The JSON formatter encodes call graph information that isn’t available in the histogram format. To make a flame graph out of this output, however, we need to transform it into a format that folds the call stack samples into single lines. This can be done using stackcollapse-graalvm.rb from Benoit Daloze’s fork of FlameGraph.
If you have not yet, you should clone this fork of FlameGraph into the parent directory. Now you can run the script to transform the output and pipe it into the script that will generate the SVG data:
../FlameGraph/stackcollapse-graalvm.rb simple-app.json | ../FlameGraph/flamegraph.pl > simple-app.svg
At this point, you should open the SVG file in a Chromium-based web browser. Your system might have a different image manipulation application configured as the default application for SVG files. While loading the file in such an application may render a graph, it likely will not handle the interactive components of the flame graph.

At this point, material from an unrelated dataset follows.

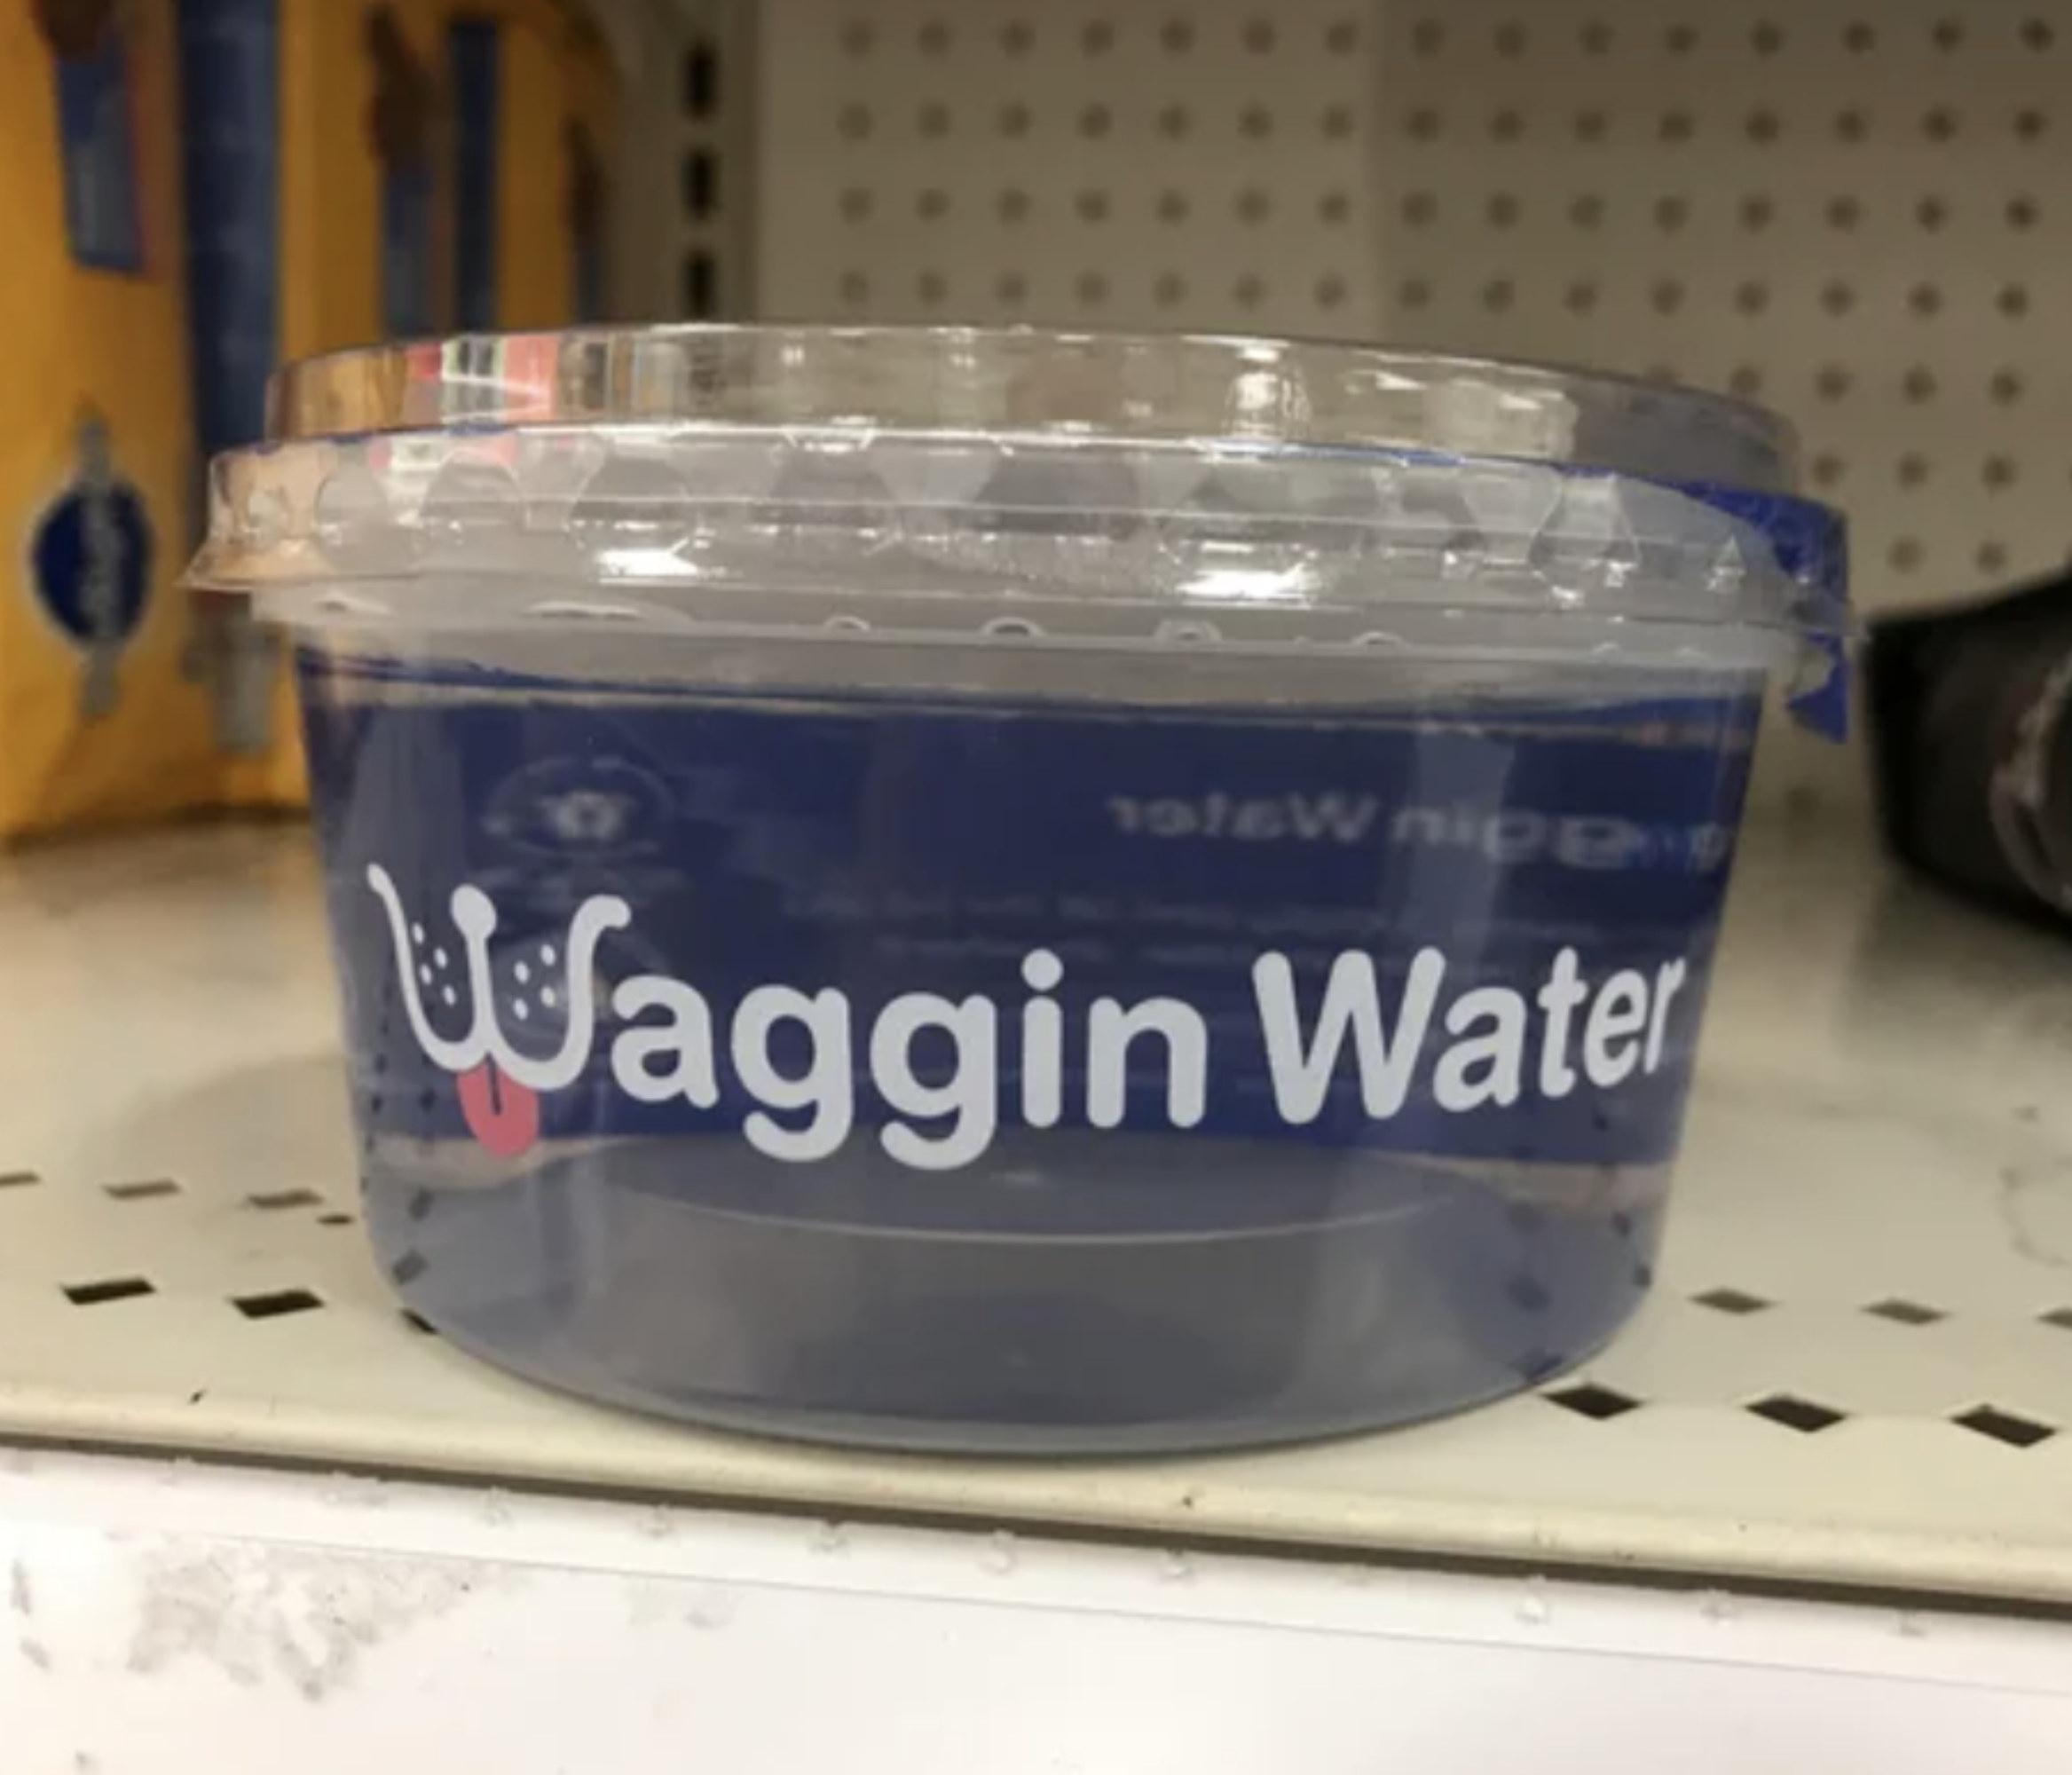 Waggin Water

Firefox may work as well, but Chromium-based browsers currently seem to have better support and performance for the flame graph files.

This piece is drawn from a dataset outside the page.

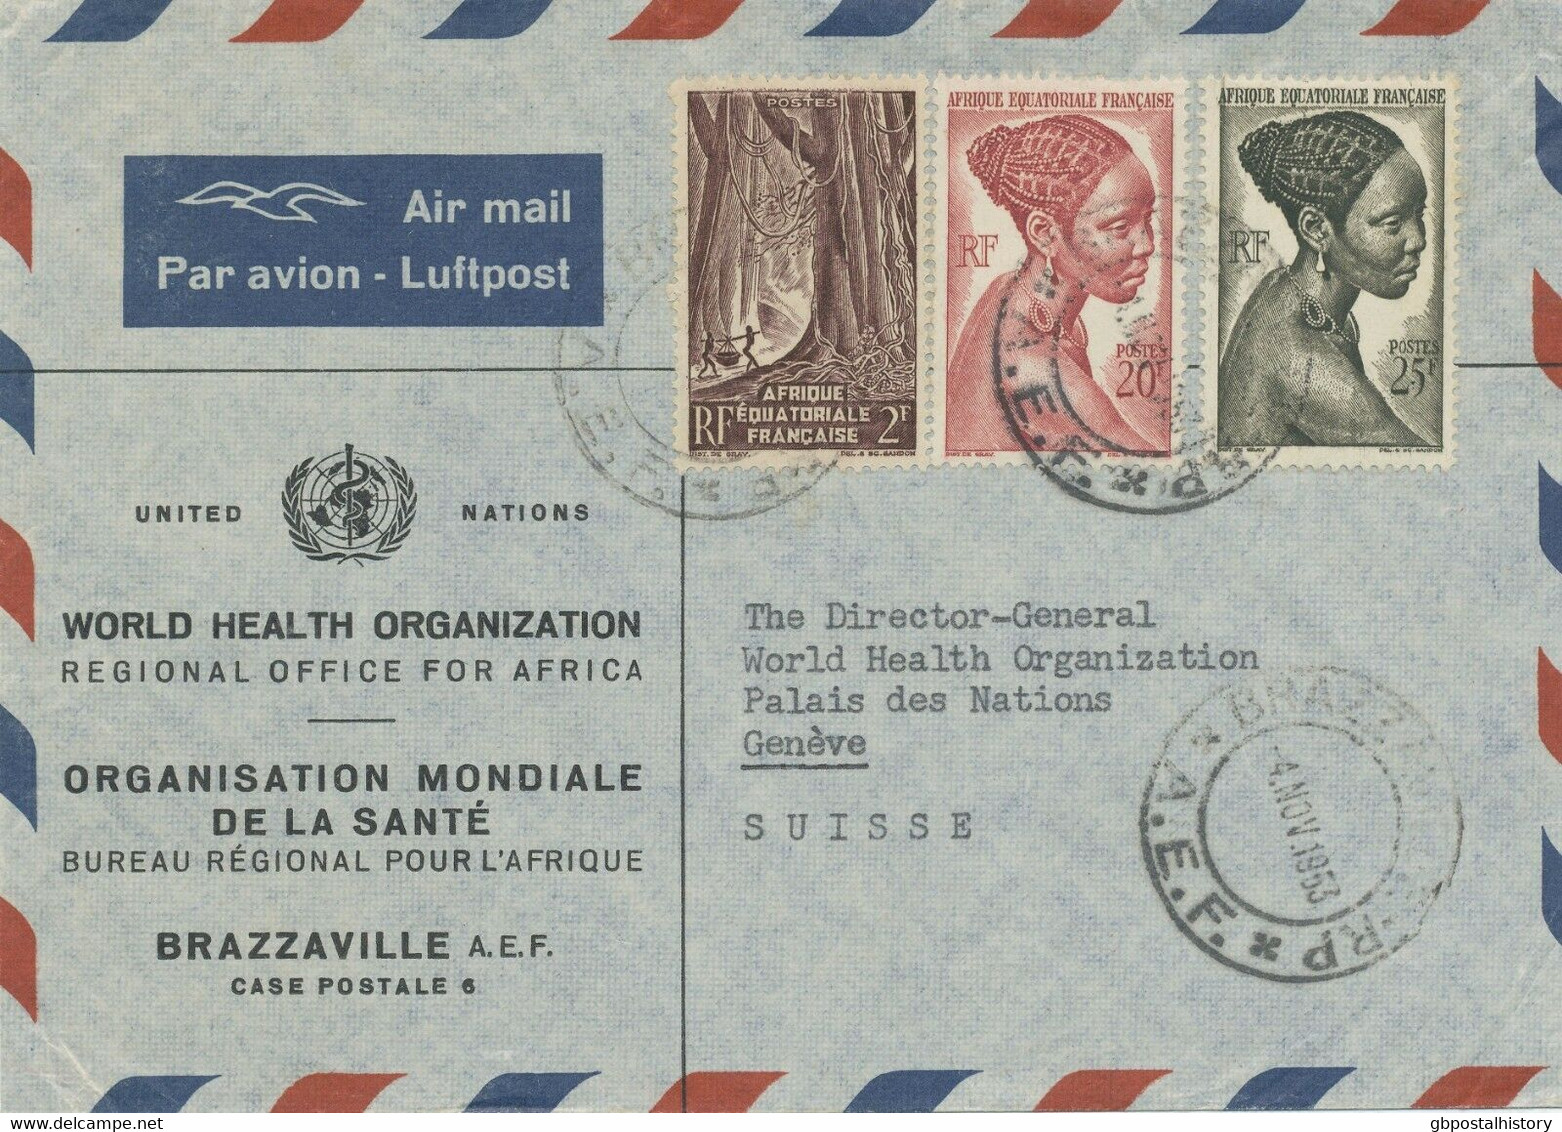 FRANZÖSISCH ÄQUATORIAL AFRIKA 1953 Buntfrankatur Kab.-Vordruck-Lupo Der WHO UNO - Briefe U. Dokumente

Profiling with Oracle Developer Studio #
Oracle Developer Studio includes a Performance Analyzer that can be used with GraalVM. Developer Studio can be downloaded from OTN and the current version at time of writing (12.6) provides a perpetual no-cost license for production use and the development of commercial applications.
Using the Developer Studio Performance Analyser is straightforward. Include the path to the Developer Studio binaries in your PATH
and then prefix your normal command-line with collect
.
For example:
collect js mybenchmark.js
On completion an “experiment” (.er) directory will have been created containing the profiling data for the command execution, test.1.er
by default.
To view the profiling results, use the analyzer
tool:
analyzer test.1.er
The analyzer
GUI allows you to view the captured profiling information in several different ways, e.g., the timeline of your application, a flat function list, the call tree, a flame graph, etc.
There is also a command-line tool, er_print
, which can be used for outputting the profiling information in textual form, for further analysis.
For full details, see the Performance Analyzer documentation.